Research Report by Katrina Kimport
(created 4/2/06; version 1.0)

Related Categories: Online Reading and Society

Original Object for Study description

Summary:
Television Without Pity (TwoP), first launched in 1998, is an online community that hosts recaps and forums on television shows, primarily reality shows and hour-long dramas.

This site is among the most well-known of a large number of fan websites that convert content from a non-text-based medium (television) into text. In so doing, they offer a reading format–specifically, an interactive reading format–for content that is generally viewed. Television executives and writers regularly read and react in future scripts to critiques provided in these sorts of communities.

Description:
TwoP began in 1998 as DawsonsWrap, a site devoted to retelling the plot of “Dawson’s Creek” episodes. Its founders, Sarah Bunting and Tara Ariano, soon grew irritated with plot twists in “Dawson’s Creek” and their summaries began to contain critiques of the show. In 1999, they branched beyond the single show and began to produce summaries of other hour-long drama shows and, in time, of reality shows.

The site currently has two central components. First are the summaries, or “recaps,” as they are known on the site. These are produced by freelance writers immediately after an episode airs. (Generally, a shorter, one-paragraph “recaplet” appears within 24 hours of airing and the complete recap within a week.) Over sixty writers have contributed recaps to the site, although only twelve are currently considered active recappers. TwoP offers recaps of episodes from over 150 shows, from both network and cable channels. While each recap is exhaustive and all episodes from given seasons are recapped, not all seasons of a show are recapped, usually due to audience or recapper apathy. For the spring 2006 season, 28 shows are actively recapped.

Each recap is between ten and sixteen pages in length and contains a faithful rendering of everything that occurred in the episode, including relevant dialogue, scenery, and accompanying music. Additionally, however, the recappers inject their summaries with personal viewpoints and, most importantly, humor.
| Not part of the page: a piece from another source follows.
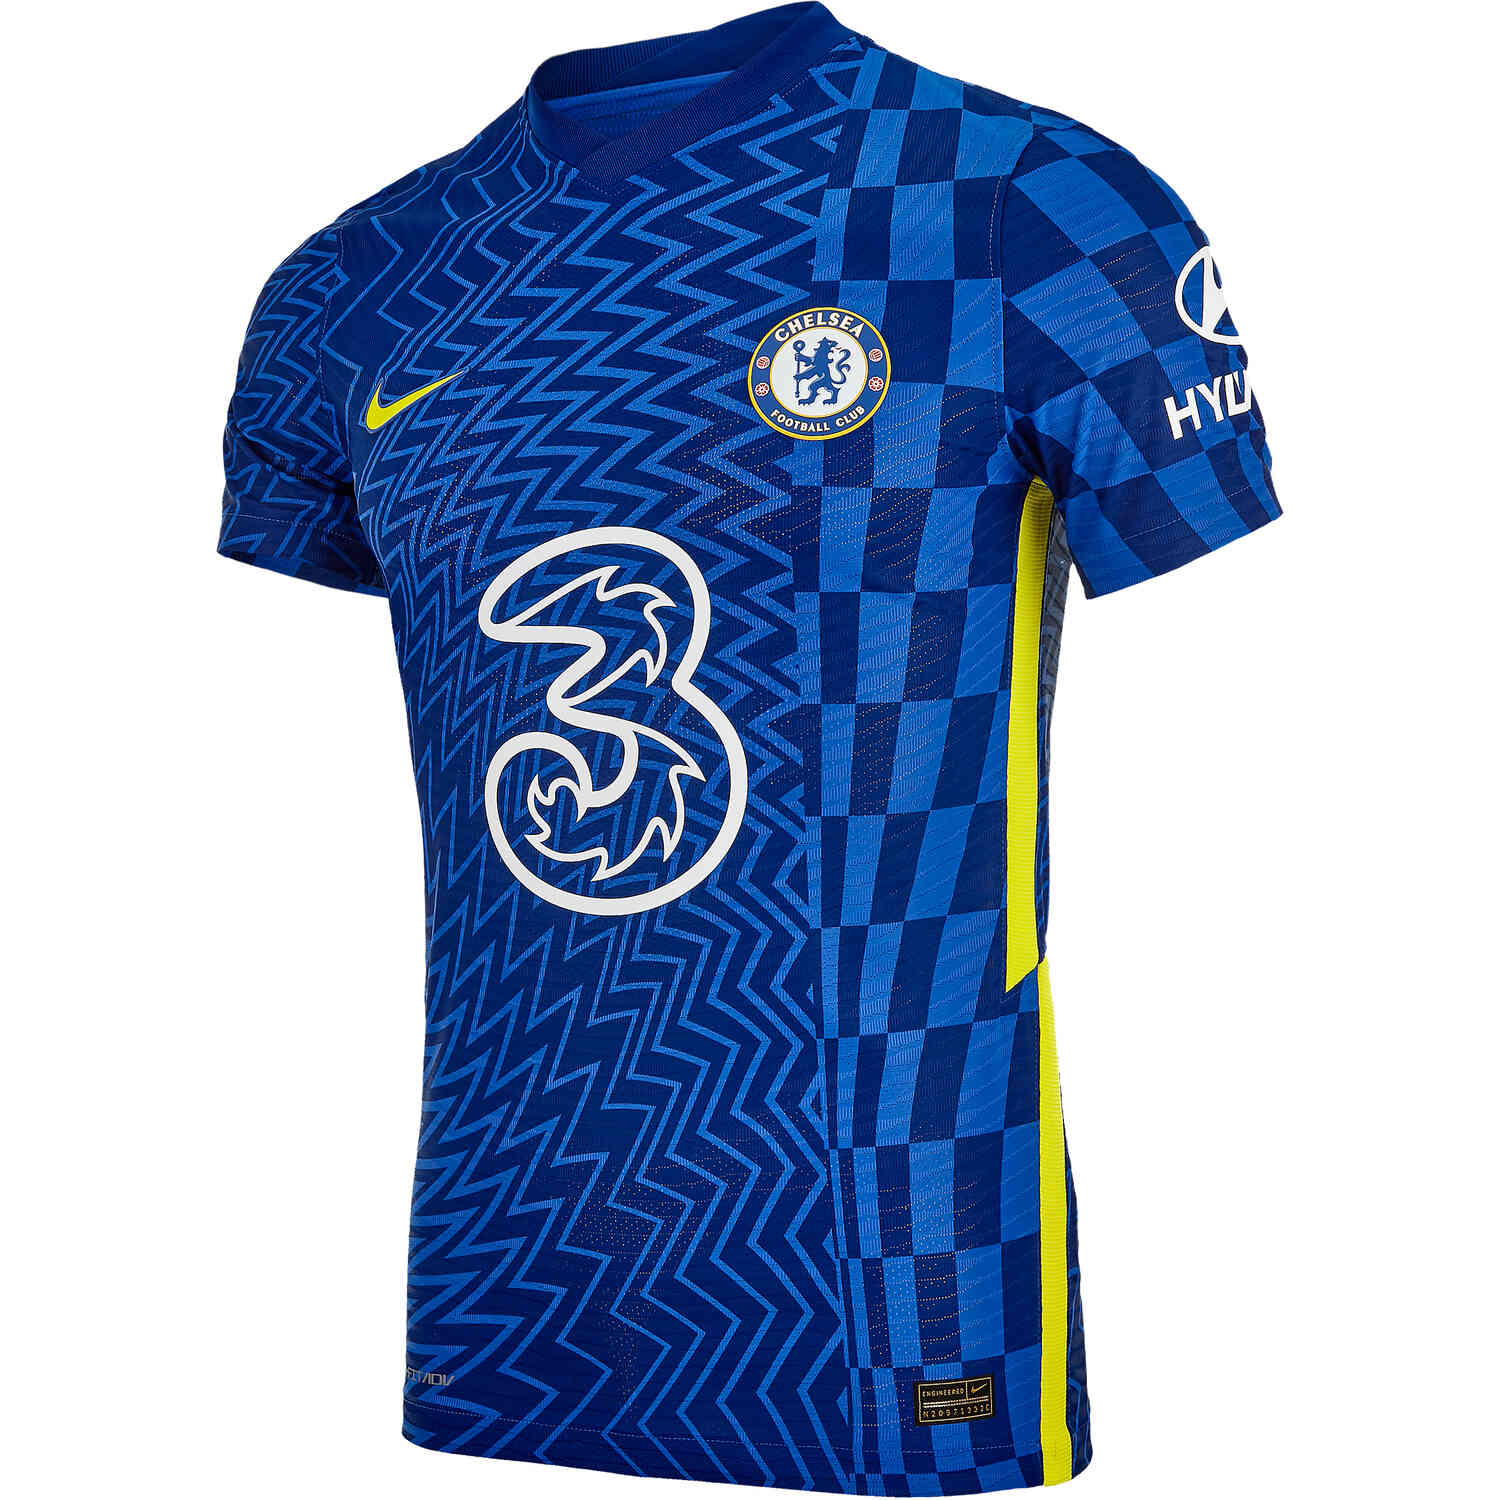 2021/22 Nike Chelsea Home Match Jersey - Soccer Master

Recappers often rename characters/participants (for example, the much-hated participant in the first season of The Apprentice, Omorrosa, was renamed Assorama), harp on grammatical mistakes, and critique wardrobe choices.

The second component of the site is the forums. Each show has its own forum, split into various discussion threads, including threads on particular characters/participants, spoiler threads that discuss rumors about unaired episodes, and even threads addressed to show producers. There are also forums for topics not tied to recapped shows on the site, such as forums on sports coverage, soap operas, and talk shows.

Research Context:
TwoP represents the translation of one form of media–television–into text in an online environment. This presents the opportunity to investigate the relationship between visual images on a television screen and online text that is pointedly tied to those visual images.
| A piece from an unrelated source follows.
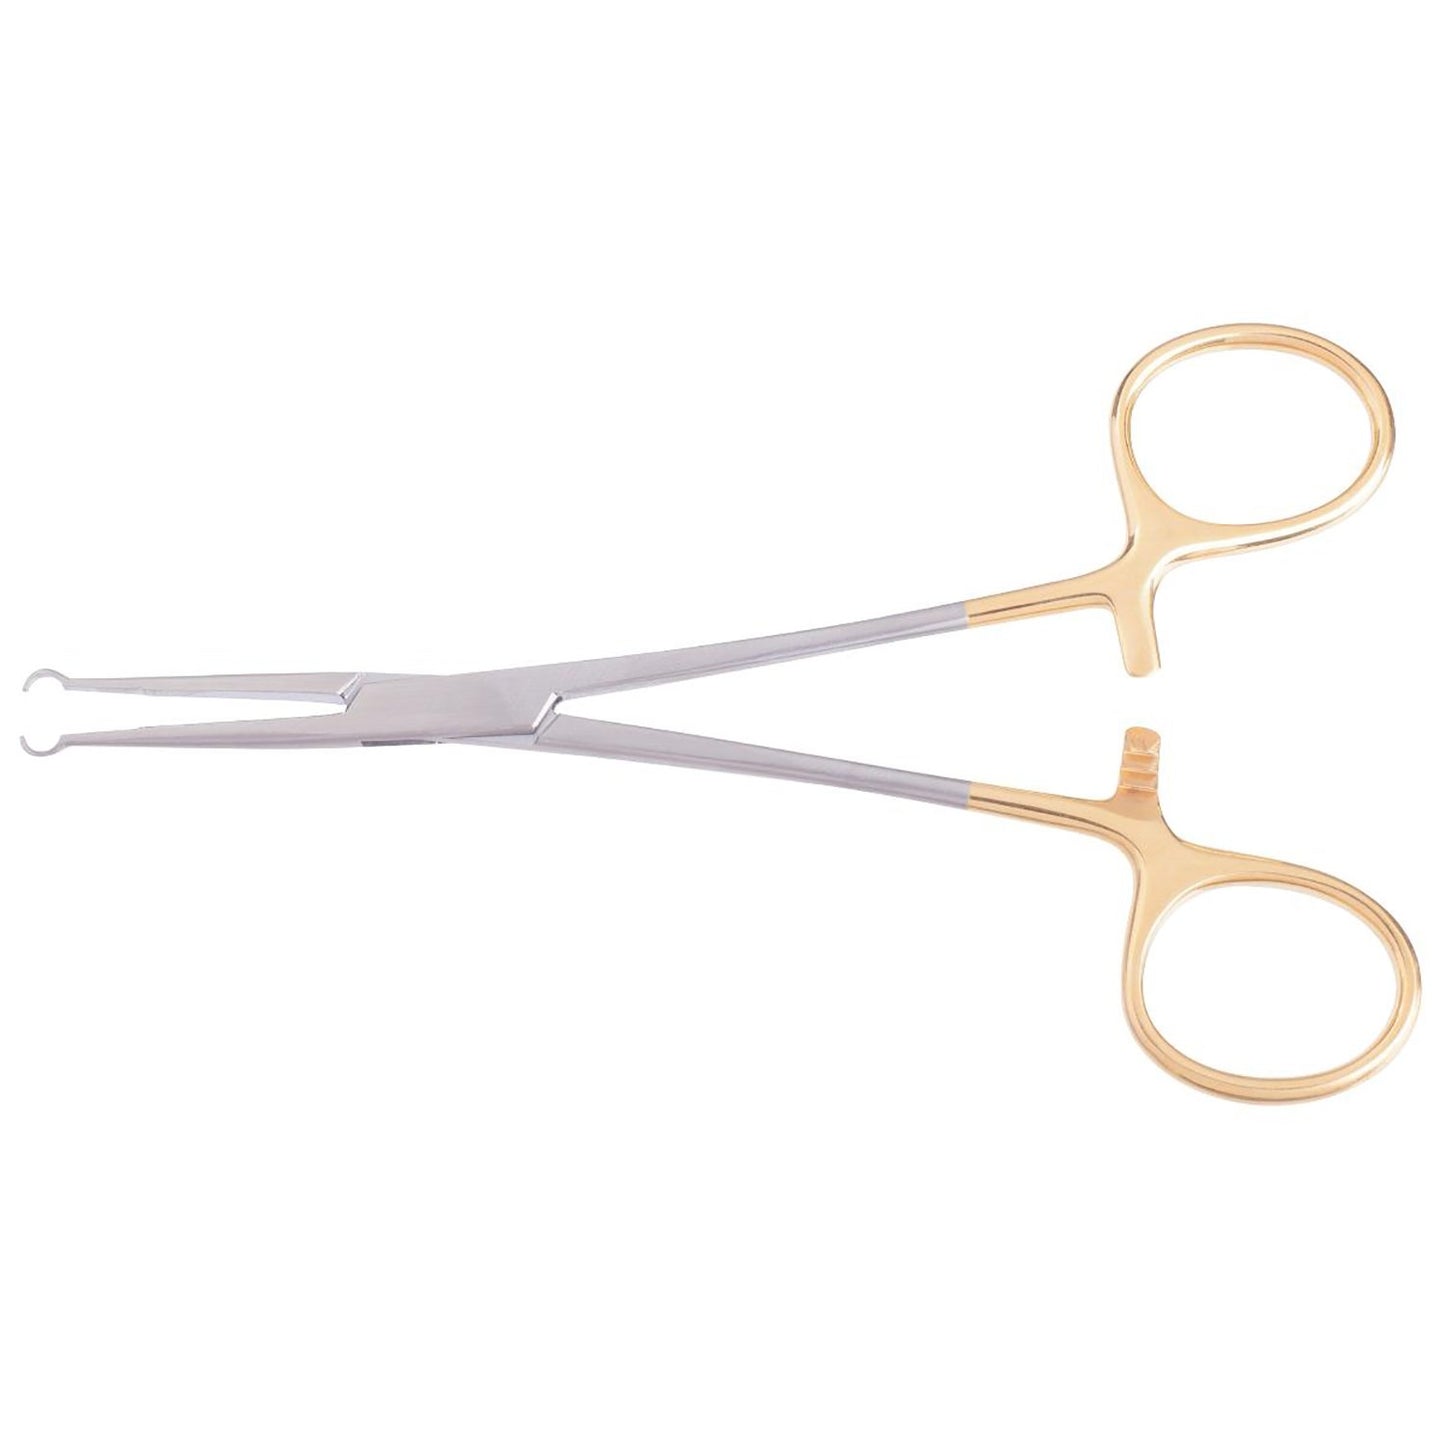 NO SCALPEL VASECTOMY INSTR, GOLD FINGER RINGS, 5 1/2 (14.0 CM), RING CLAMP  - Midwest Surgical

Further, TwoP is a complex and successful online community with offline impact. TwoP is a format that encourages repeat visits and boasts of unusually high user session lengths (averaging at 22 minutes). It is, in other words, a model of the successful production of content in a readable form, even as–or especially as–the content is available in the alternative medium of television.

Technical Analysis:
TwoP forums are powered by Invision Power Board v. 2.1.5, a professional bulletin board software. The forums require registration and are moderated.

Evaluation of Opportunities/Limitations for the Transliteracies Topic:
It is an open question whether media compete for viewers or cooperate. That is, with such a variety of sources for information and entertainment, should we be thinking about viewers choosing television versus the internet, or should we be considering the ways in which these formats may reinforce each other? In the case of TwoP, the internet and telelvision appear to mutually benefit each other. TwoP is clearly dependent on the existence of television, while television is not, strictly speaking, dependent on TwoP. But while not dependent on TwoP, television shows gain from TwoP’s existence by offering loyal viewers a place to build a fan community. In this case, the multiplicity of media serves to benefit all forms involved, not to steal viewers from one format to an alternate format.

Given the Transliteracies Project’s focus on online reading, it is important to consider the role of other media in our focus on the online arena and investigate the question of when forms of media detract from each other’s popularity and when they reinforce each other.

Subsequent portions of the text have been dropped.